В мемуарах Игнаца фон Кастелли целая глава посвящена злобным чудачествам венской цензуры, особенно после назначения графа Зедльницкого (кстати, остроумец Кастелли тотчас дал соответствующие клички двум своим собакам – Зедль и Ницки). Цензура распространялась даже на давно опубликованные тексты писателей-классиков, в том числе античных авторов и Шекспира, не говоря уже о Гёте и Шиллере. Кастелли вспоминал: «В „Разбойниках“ Шиллера Моор-отец превратился в дядю. Можно вообразить себе, какой получался эффект, когда Карл Моор издавал устрашающий вопль: „Дядеубийство!“»[39]. Печатные ноты также подлежали цензуре, в том числе инструментальные произведения – цензурировались тексты титульных листов и названия. Посвящать кому-либо произведение без согласия чествуемого лица было запрещено не только в отношении правящих особ, но и обычных лиц, не носивших громких титулов. Кастелли сообщал, что все рукописи надлежало представлять в цензуру в двух экземплярах. И если произведение было крупным, это влекло для авторов дополнительные расходы на переписку. А возвращались рукописи нередко сплошь исчёрканные красным карандашом…

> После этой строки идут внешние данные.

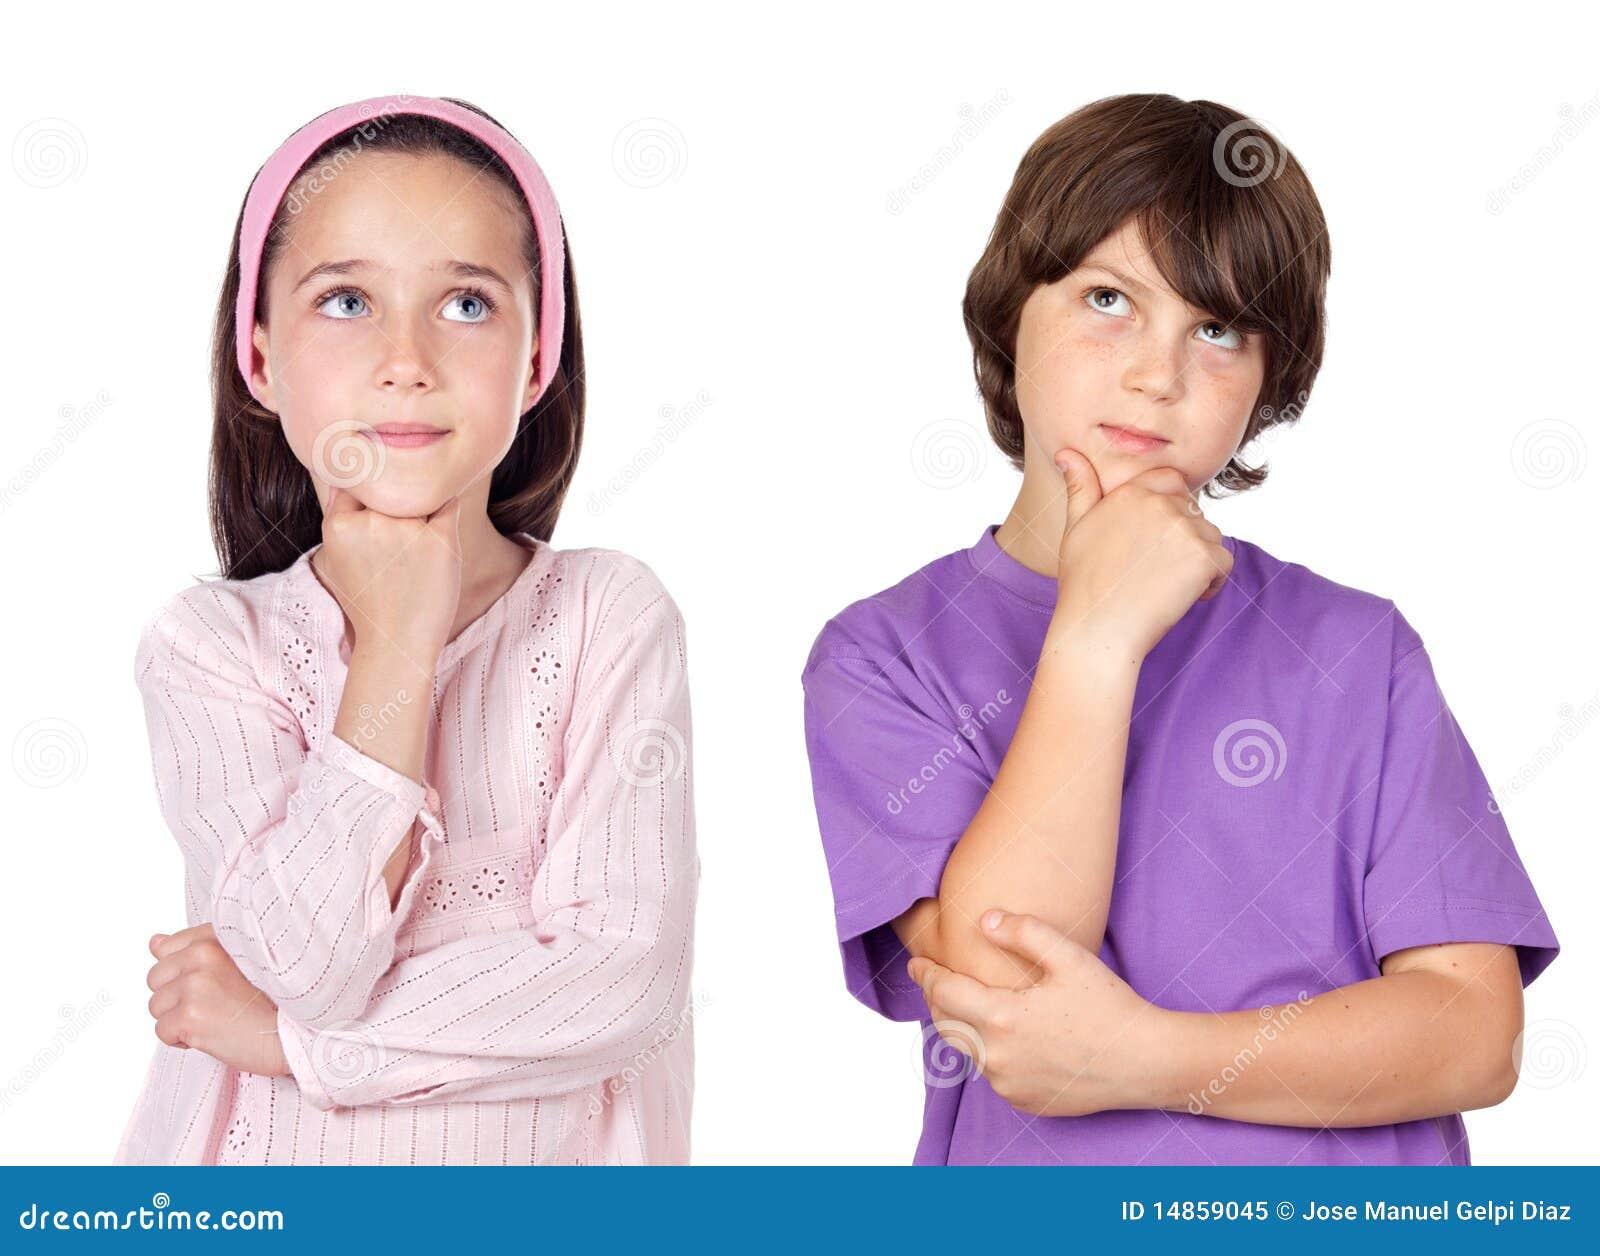 Thoughtful children

Жалобы на произвол цензоров – один из лейтмотивов бесед в разговорных тетрадях Бетховена. В 12-й тетради (апрель 1820 года) Бернард писал: «Здешние цензоры не подчиняются законам, они вычёркивают наобум, лишь бы ни за что не отвечать. <…> У нас нет никакого закона о цензуре». Издатель Мориц Шлезингер, приехавший в сентябре 1825 года в Вену из-за границы, удивлялся в 94-й разговорной тетради тому, насколько в Австрии цензурные ограничения строже, чем в Пруссии: «Вдохновенные „Фантастические новеллы“ Гофмана здесь нельзя даже читать, не то что печатать. – Фантазия в Австрии – запрещённая и опасная вещь». Особенно сокрушались драматурги и поэты. Грильпарцер завидовал Бетховену: «У музыкантов нет цензуры!» (что было не совсем верно), а Куффнер утверждал: «Слова скованы, но звуки, могущественные выразители смысла слов, ещё свободны!»

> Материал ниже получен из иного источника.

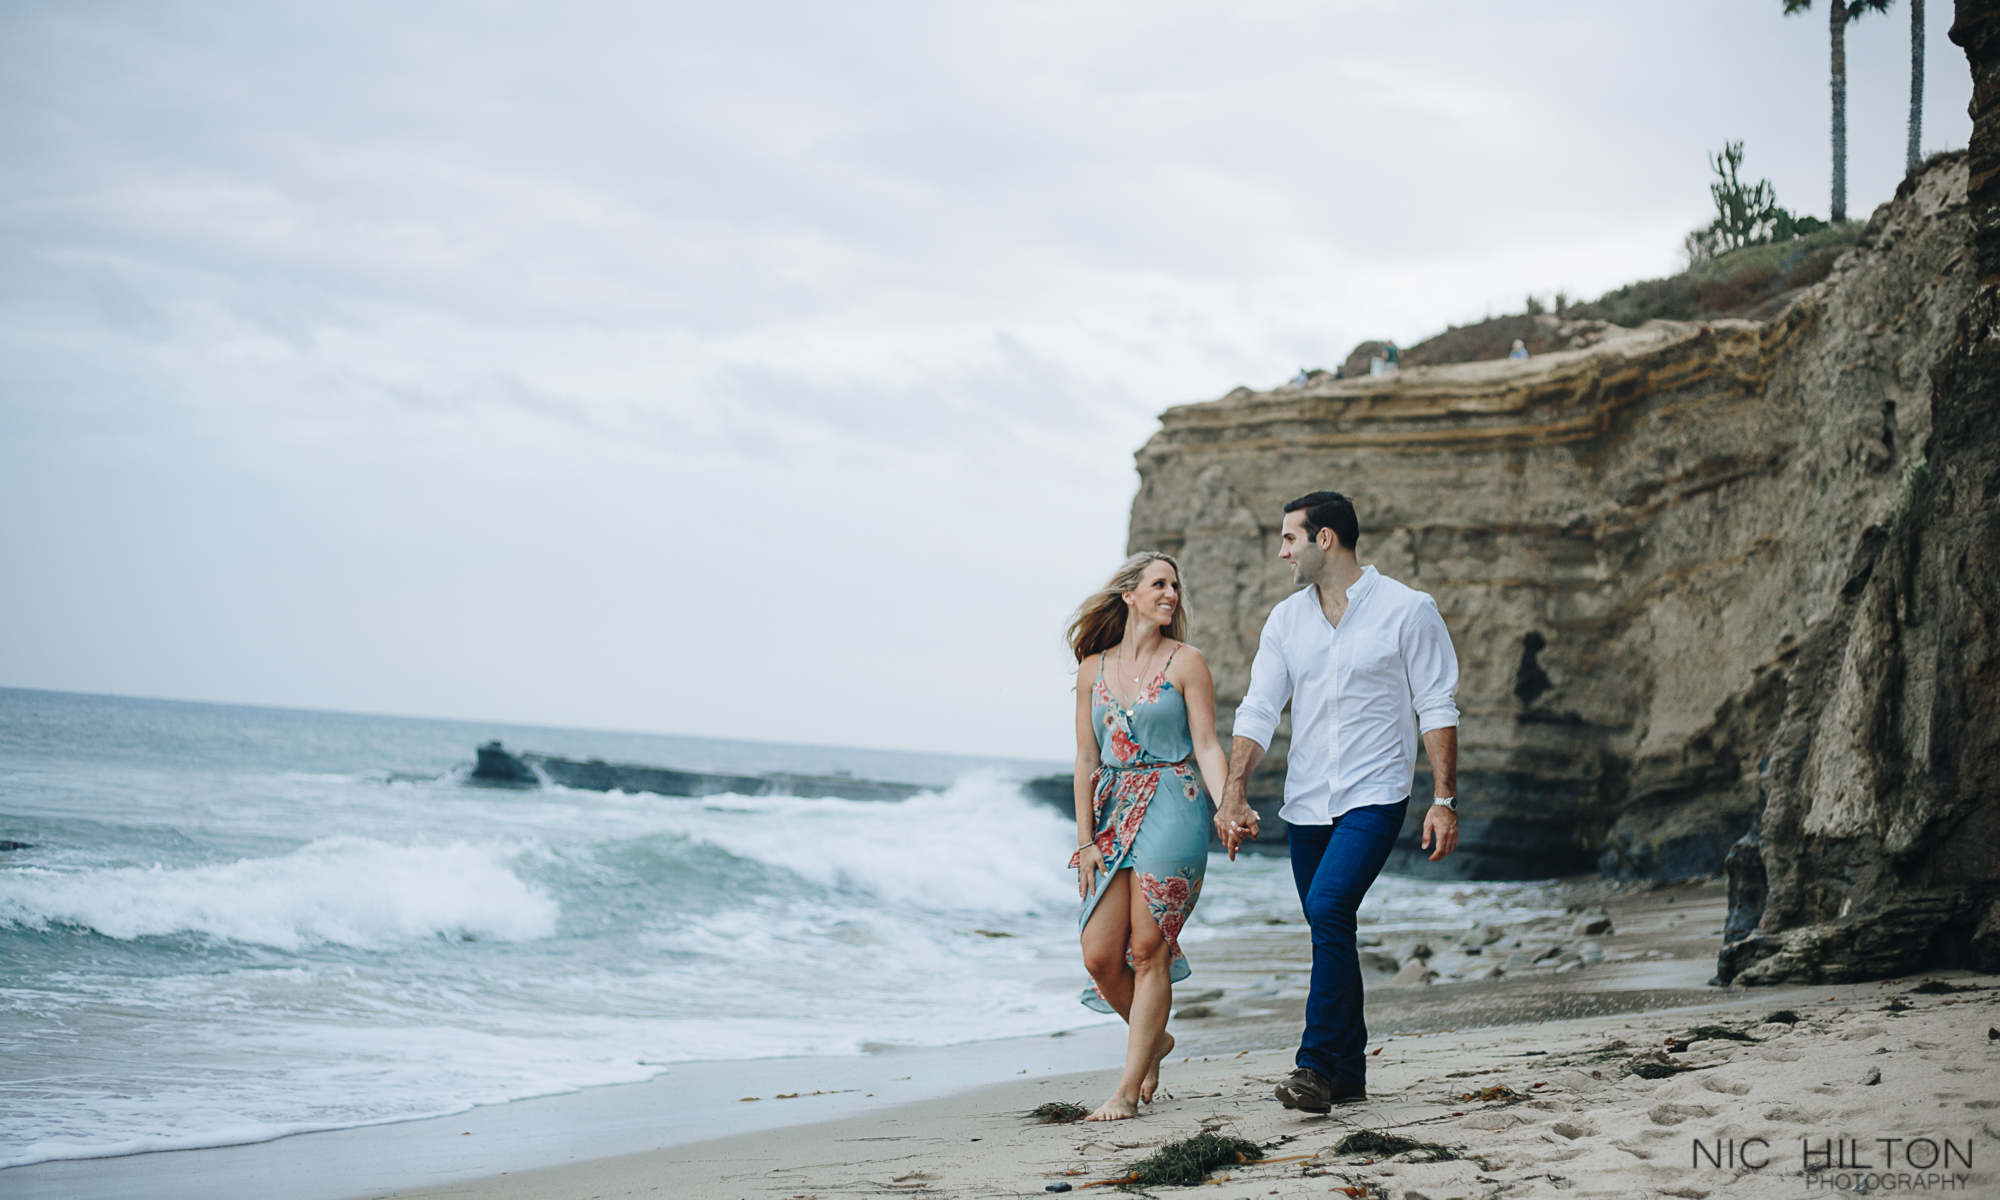 San-Diego-Beach-Sunset-Cliffs-Engagement.jpg

Очевидным поводом для ужесточения полицейского режима стало убийство в Мангейме 23 марта 1819 года известного драматурга Августа фон Коцебу радикально настроенным студентом Карлом Людвигом Зандом, членом Всеобщего немецкого студенческого братства. По сути, это был настоящий теракт, жестокости которого ужаснулись многие, поскольку Коцебу был знаменитым и уважаемым человеком. Он отличался фантастической литературной плодовитостью, и хотя подавляющее большинство его пьес сейчас выглядят безвкусными и нелепыми, в своё время они успешно шли на всех европейских сценах. Бетховен написал в 1811 году музыку к двум аллегорическим пьесам Коцебу, поставленным в Будапеште в честь открытия там нового театра: «Афинские развалины» и «Король Стефан, первый благодетель Венгрии».

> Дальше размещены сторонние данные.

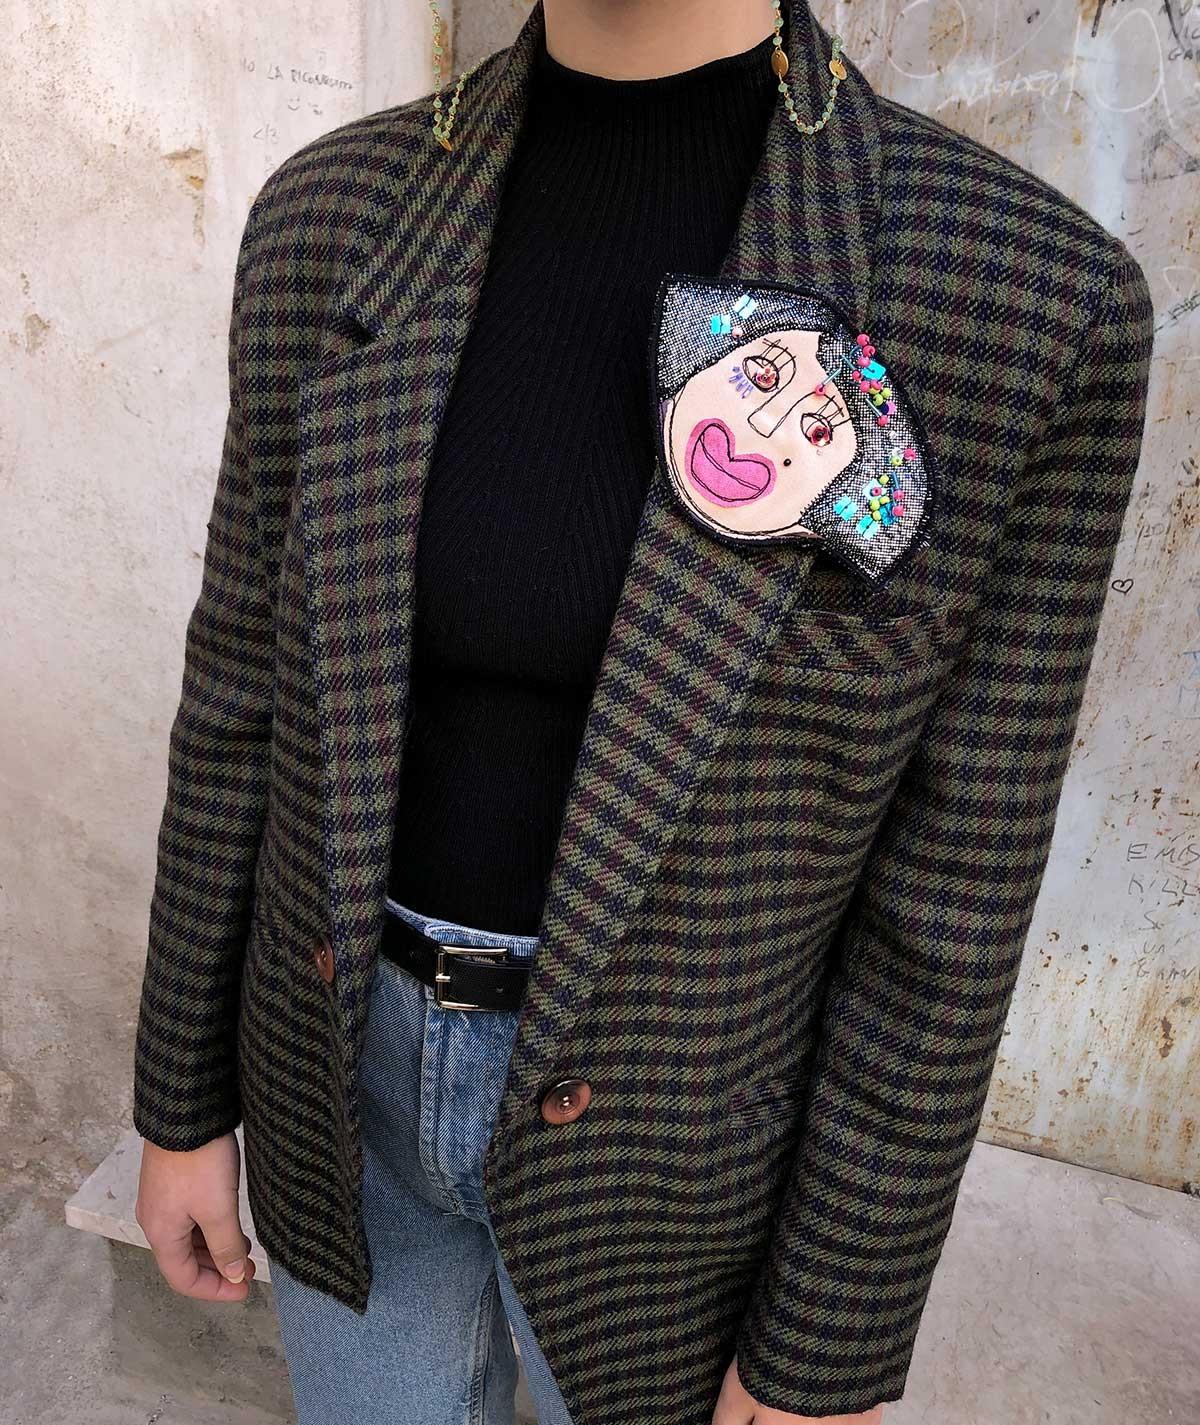 Chiara - fabric brooch

Занд проник в квартиру писателя под вымышленным именем и, воскликнув: «Вот он, предатель отечества!» – заколол его на глазах у его четырёхлетнего сынишки. За что же Коцебу постигла такая страшная участь? В 1817 году он опубликовал «Историю немецкого государства» («Geschichte des deutschen Reichs»), которую патриотически настроенная молодёжь сочла оскорбительной для немцев и публично сожгла на площади в Вартбурге. Вдобавок Коцебу, имевший давние связи с Россией, в том же 1817 году был назначен русским генеральным консулом в германских государствах, с окладом 15 тысяч рублей в год. Поэтому Занд и его единомышленники сочли Коцебу не только предателем родины, но и русским шпионом, и вскоре вынесли ему смертный приговор. Занд был арестован, осуждён и публично обезглавлен 20 мая 1820 года. Однако ещё до его казни в разных германских городах были созданы «Комиссии по расследованию революционных беспорядков», в которые тотчас начали поступать доклады от полицейских осведомителей и доносы от благонамеренных граждан.

Важно понимать этот контекст, чтобы оценить всю степень риска, которой подвергал себя Бетховен, который в 1816 году произнёс в беседе с Петером Зимроком, приехавшим в Вену из Бонна, фразу, которую в Германии вплоть до XX века опускали при публикации воспоминаний Зимрока: «Император Франц – негодяй, которого надо бы повесить на первом хорошем дереве». Однако нечто сходное записал в 94-й разговорной тетради в 1825 году Мориц Шлезингер: «Император – тупая скотина, он говорит, что ему не нужны учёные, а нужны хорошие подданные [Bürger]. К несчастью, попы получили слишком большое влияние, во всех странах глупость возымела перевес». Петеру Зимроку в момент личного знакомства с Бетховеном было 24 года, Морицу Шлезингеру – 27, оба были сыновьями и компаньонами преуспевавших издателей, и оба не являлись австрийскими гражданами. Тем не менее этим вполне благополучным молодым людям было явно не по себе от царивших в меттерниховской Австрии порядков, а Бетховен не только не пресекал разговоров на острые темы, но и сам их активно поддерживал. Вряд ли его умонастроения были секретом для властей, поскольку слухи по Вене распространялись быстро. Бернард в 9-й разговорной тетради от марта 1820 года предупреждал Бетховена: «Черни рассказывал мне, что аббат Гелинек очень ругал вас в „Верблюде“[40]; он говорил, что вы – второй Занд; вы браните императора, эрцгерцога, министров и вы кончите на виселице».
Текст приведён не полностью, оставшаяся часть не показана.